[Data listing]:
= = = = =

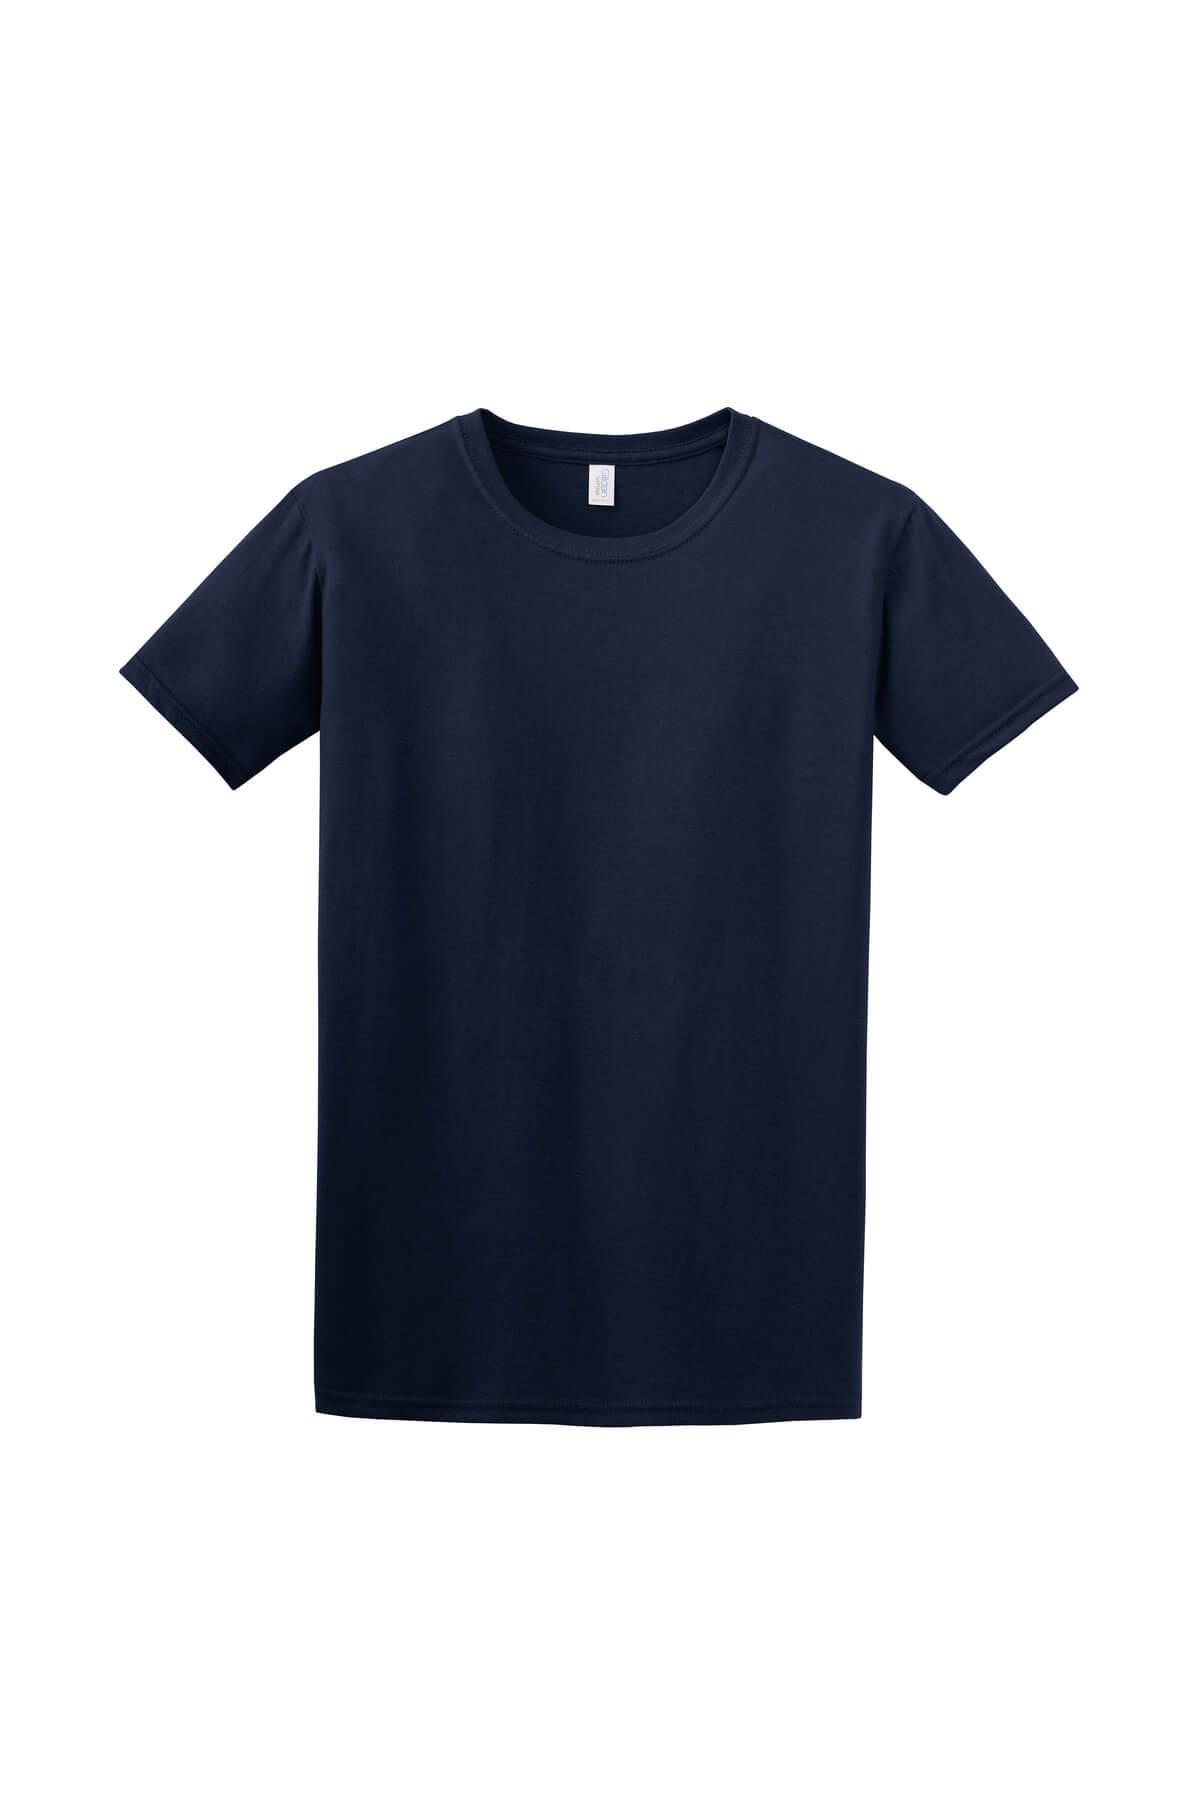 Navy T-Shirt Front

= = = = =

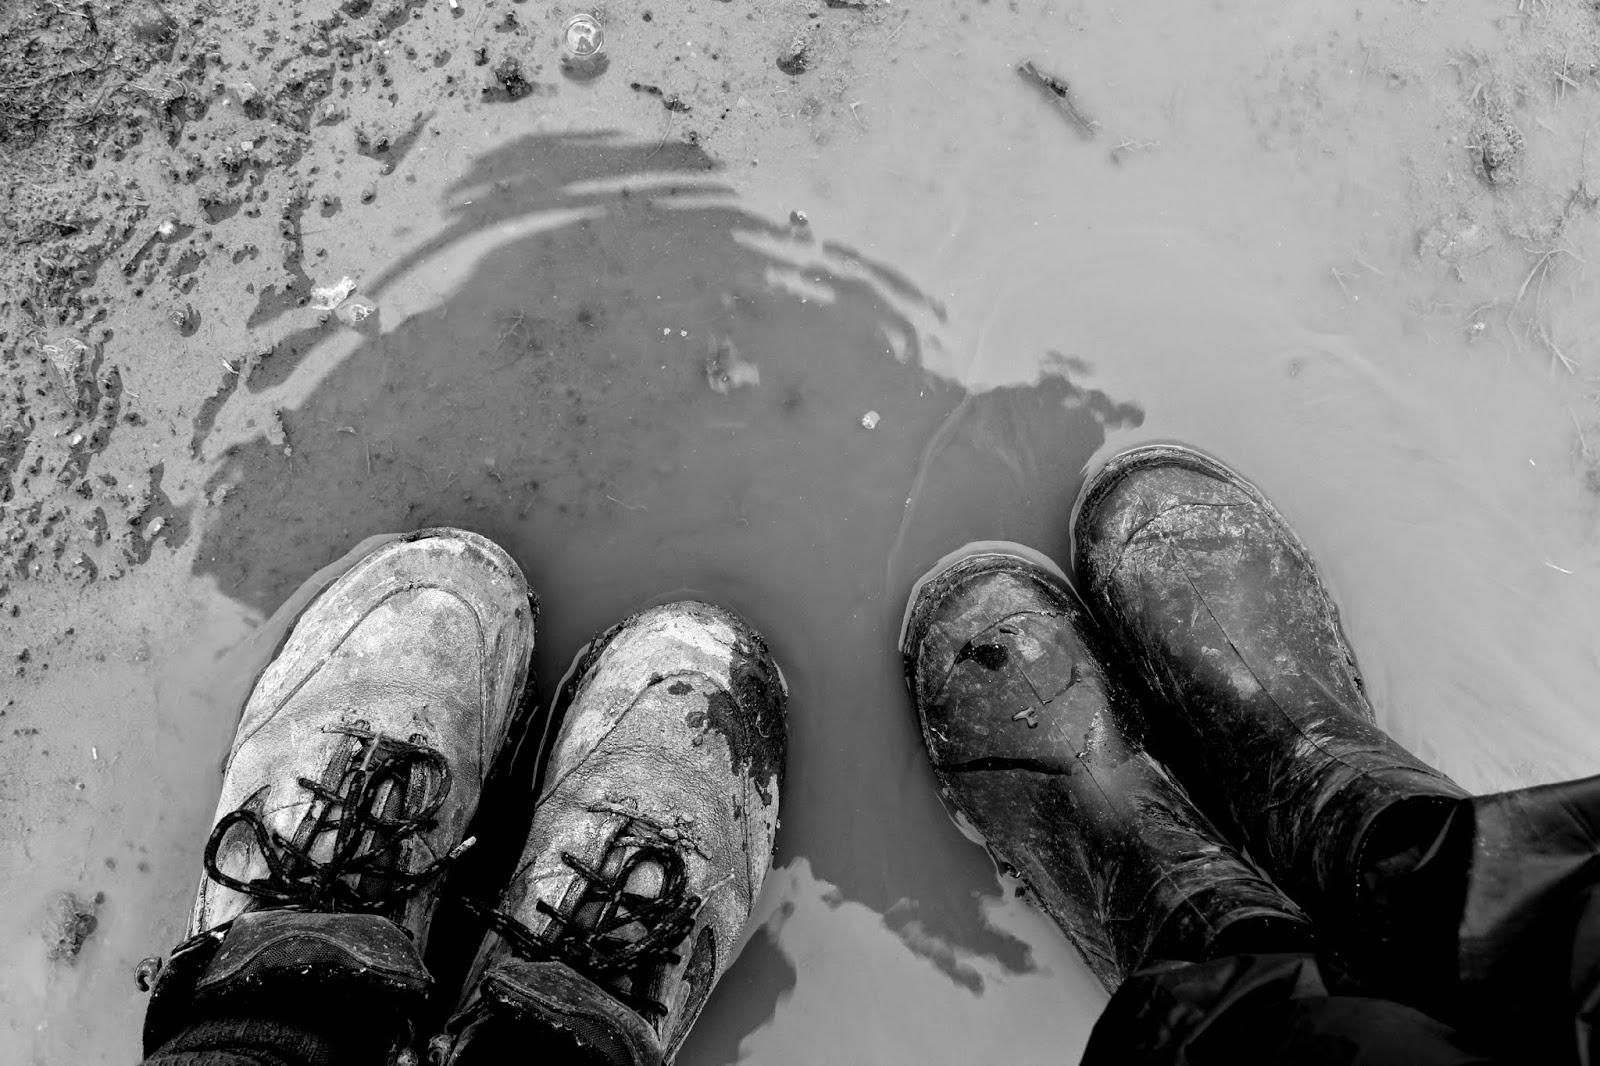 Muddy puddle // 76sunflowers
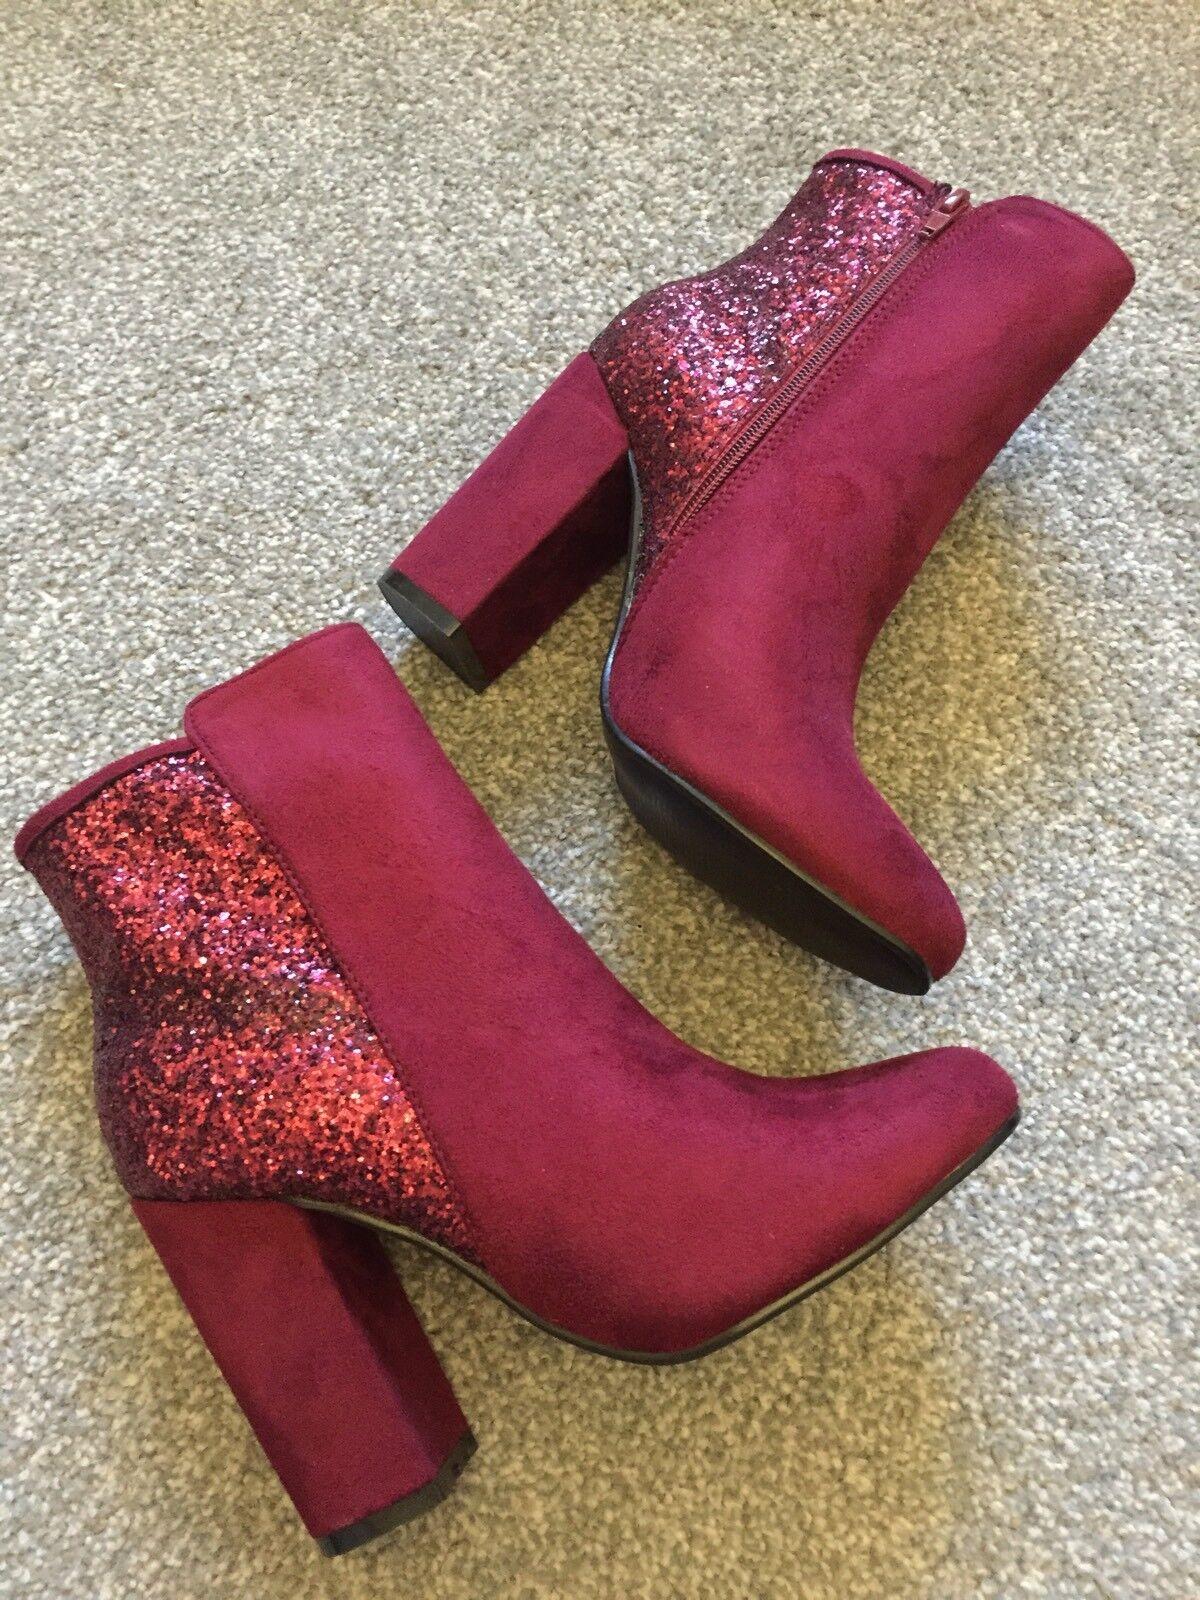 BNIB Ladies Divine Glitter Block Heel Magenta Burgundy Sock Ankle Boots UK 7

= = = = =

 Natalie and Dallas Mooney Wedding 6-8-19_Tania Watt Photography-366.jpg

= = = = =

What lines above run from the one with "Muddy puddle // 76sunflowers" to the one with "BNIB Ladies Divine"? Give them again exactly, ends included, and leave the pictures out.

[Response to the exercise]:
 Muddy puddle // 76sunflowers
 BNIB Ladies Divine Glitter Block Heel Magenta Burgundy Sock Ankle Boots UK 7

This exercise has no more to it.